Удивительная картина открывалась во время танцев, хотя и обыденная для того времени. Дамы, городские женщины и девушки, одевались — кто лучше, кто хуже — в нормальные платья. Местные кавалеры воевали на фронте, а госпитальные, выздоравливающие, приходили прямо с больничной койки и одежда у них была соответствующая: белый верх, белый низ. Сверху — рубашка, снизу — кальсоны с зашитой ширинкой. А ноги обуты в тапочки. Выходить за пределы госпиталя не разрешалось, но на это, конечно, смотрели сквозь пальцы. И каждый, желающий попасть на танцы, спокойно перелезал через забор.
Помню, один из танцоров был ранен в предплечье. А при таком ранении делается сложная гипсовая конструкция, называемая «аэропланчик», гипс упирается в грудь и на него кладется больная рука. Перелезть через забор на танцы ему помогли товарищи, а вот обратно он, видимо, задержался и застрял по ту сторону забора. Что делать? Каким-то образом ему необходимо вернуться на свою госпитальную койку. Он подходит к въездным воротам и нарочно громко говорит: «Тпрррууу! Открывай!» А дежурная на вахте: «Ой, господи! Кто же это приехал?» И открывает ему не калитку, а ворота. Он: «Кто приехал, я приехал!» И входит через ворота со своим «аэропланчиком». Она: «Ах, ты, такой сякой!» Но уже поздно, ворота открыты, и он вошел.
На войне я редко вспоминал Москву, Училище, Театр, прежнюю мирную жизнь. Теперь, ставший на фронте к армии непригодный, я неотступно думал о прошлом. И о будущем. Мое возвращение началось: приехала мама в Урюпинск и увезла меня в Москву, чтобы лечить «правильно». От Курского вокзала я шел пешком, потому что городской транспорт не ходил — был 1943 год. И по дороге моя рана открылась. И только в Москве выяснилось, что у меня разбиты кости таза. В общем, пришлось долечиваться в Москве. Полгода шло мое выздоровление. Потом меня комиссовали и дали вторую группу инвалидности.
Глава четвертая
Весной 1944 года я, фронтовик-орденоносец, встреченный с почетом, появился в училище в пробитой осколками, окровавленной шинели, с палкой. Разумеется, не из соображений экзотики, а оттого, что у меня ничего другого не было. Мне просто нечего было надеть, поскольку я свое гражданское пальто еще на курсах в Ставрополе, получив армейское обмундирование, выменял на сало. Об этом сале, уже в мирной жизни, Бродский помнил очень долго. Он любил говорить, что если бы не Этуш, мы бы не выжили, он подкармливал нас салом, которое выменял на свое пальто. И при этом показывал, как тонко я резал это сало, какими прозрачными были кусочки. Это было в характере Бродского — к любому положительному факту добавить небольшую ложку дегтя.
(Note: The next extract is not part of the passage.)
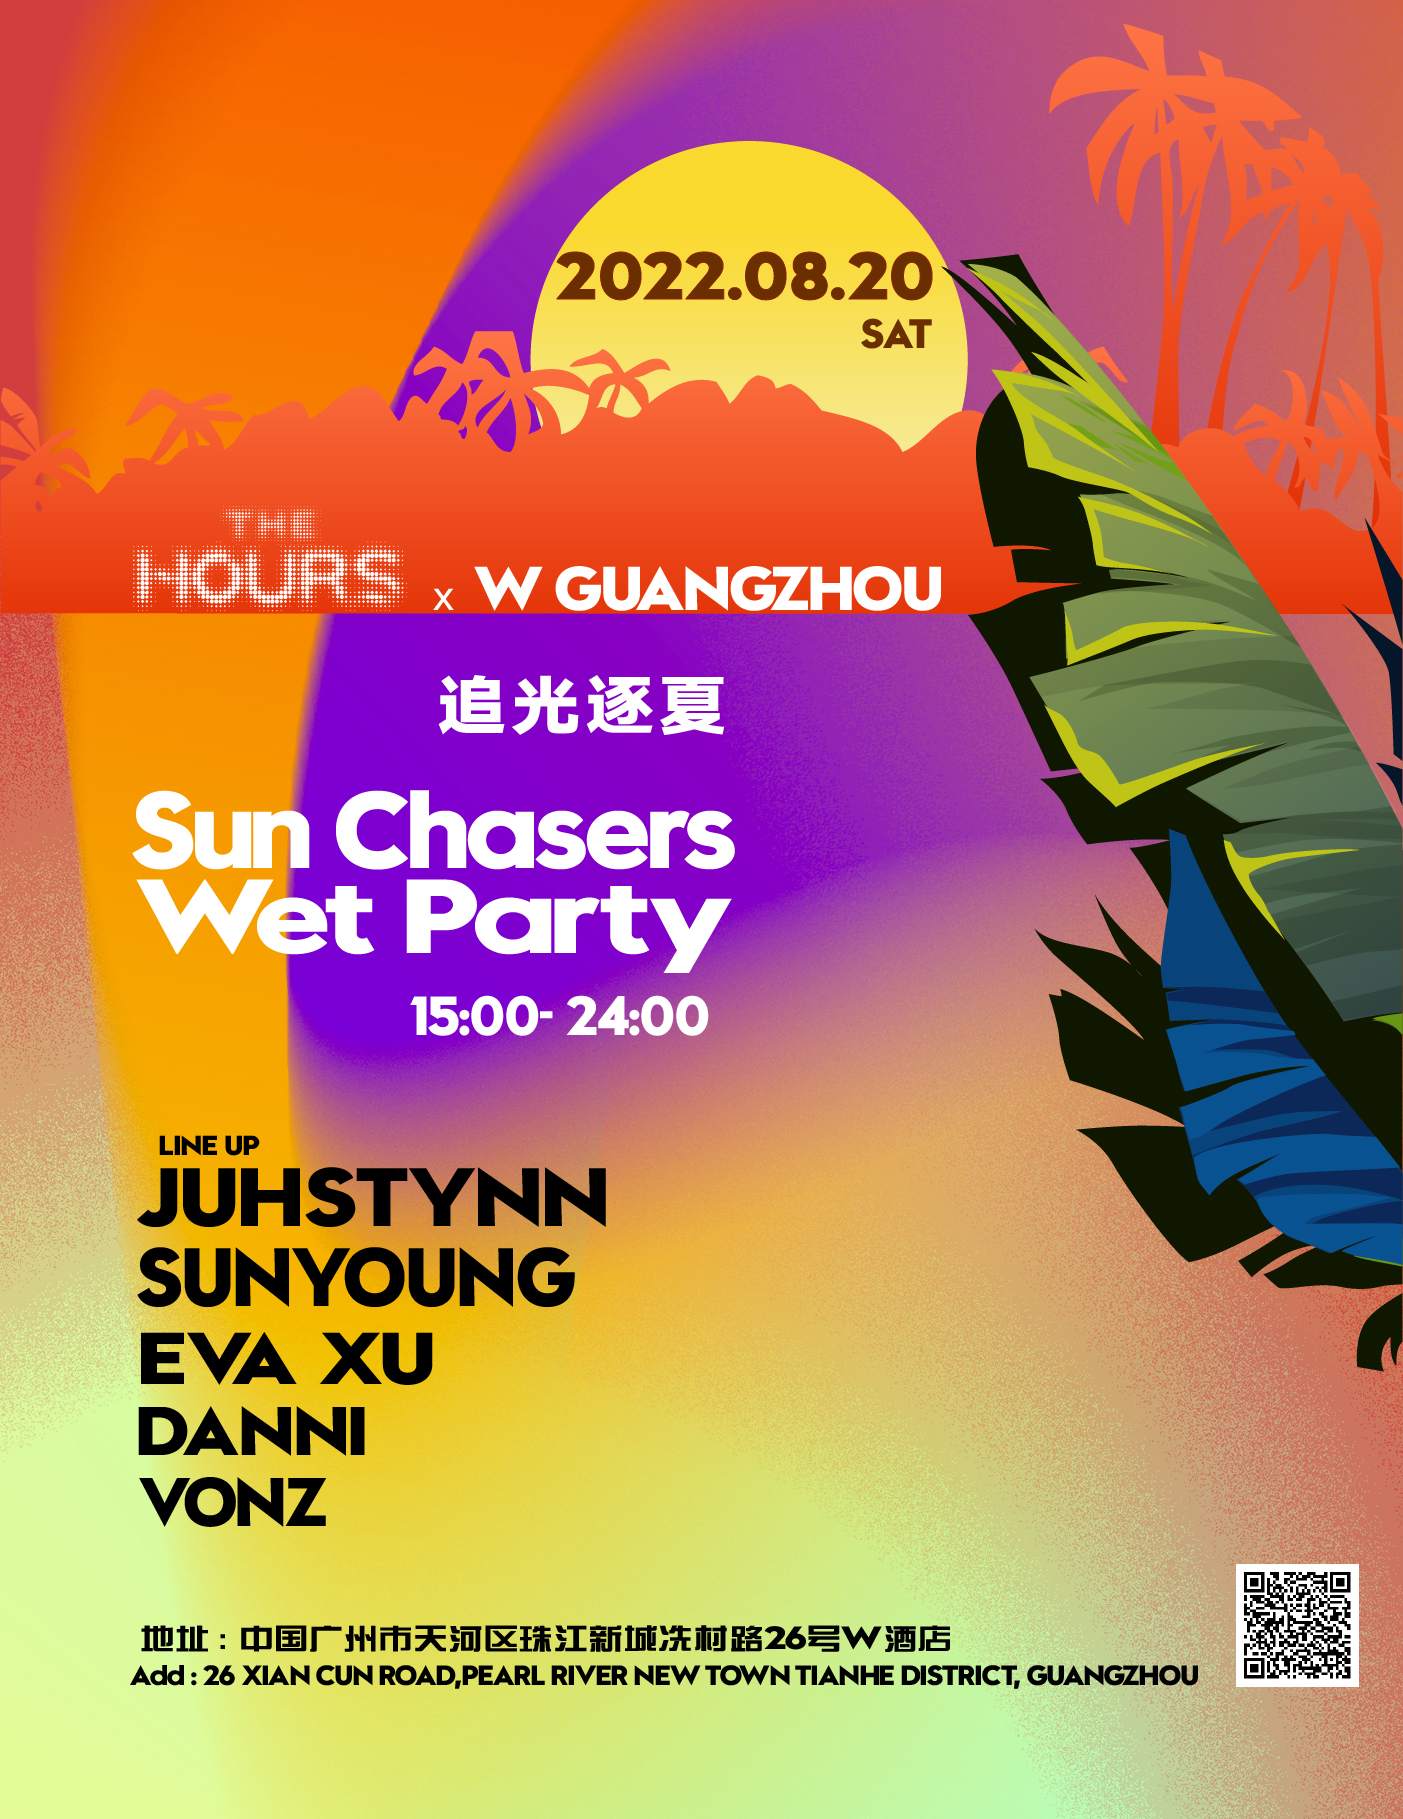 The Hours X W Guangzhou: Sun Charsers Wet Party - フライヤー裏

В первые два года войны набор в училище не производился. И следующий набор состоялся только в 43-м, когда театр приехал из эвакуации. А когда я вернулся в училище, мои однокурсники из довоенного набора были уже на четвертом. И Захава сказал мне: ты можешь остаться со своим курсом, не возражаю, если справишься — выпустим, а не справишься — переведем на первый. И я стал учиться на четвертом курсе, на котором, кстати, давали какую-то улучшенную продовольственную карточку, и учились мы полтора года.
Тогда в здании, которое ныне полностью принадлежит Театральному училищу имени Щукина, как я уже говорил, сосуществовало несколько учебно-художественных организмов: Суриковский институт, оперная студия Шацкого и наше училище. Был, и сейчас есть, Учебный театр. Сегодня его обслуживает солидный штат: директор, два администратора, зав. постановочной частью, осветители, звуковики, рабочие сцены. А тогда был один дядя Леша, зав пост. Обладая довольно сильным характером и каким-то особым сценическим чутьем, он замечательно справлялся со всем этим хозяйством. К тому же был непревзойденным воспитателем — рассказывал студентам, что такое сцена и как нужно распоряжаться на ней. И тогда действительно в Учебном театре был полный порядок, чего, к сожалению, мы не можем сейчас добиться со штатом намного превосходящим прежний.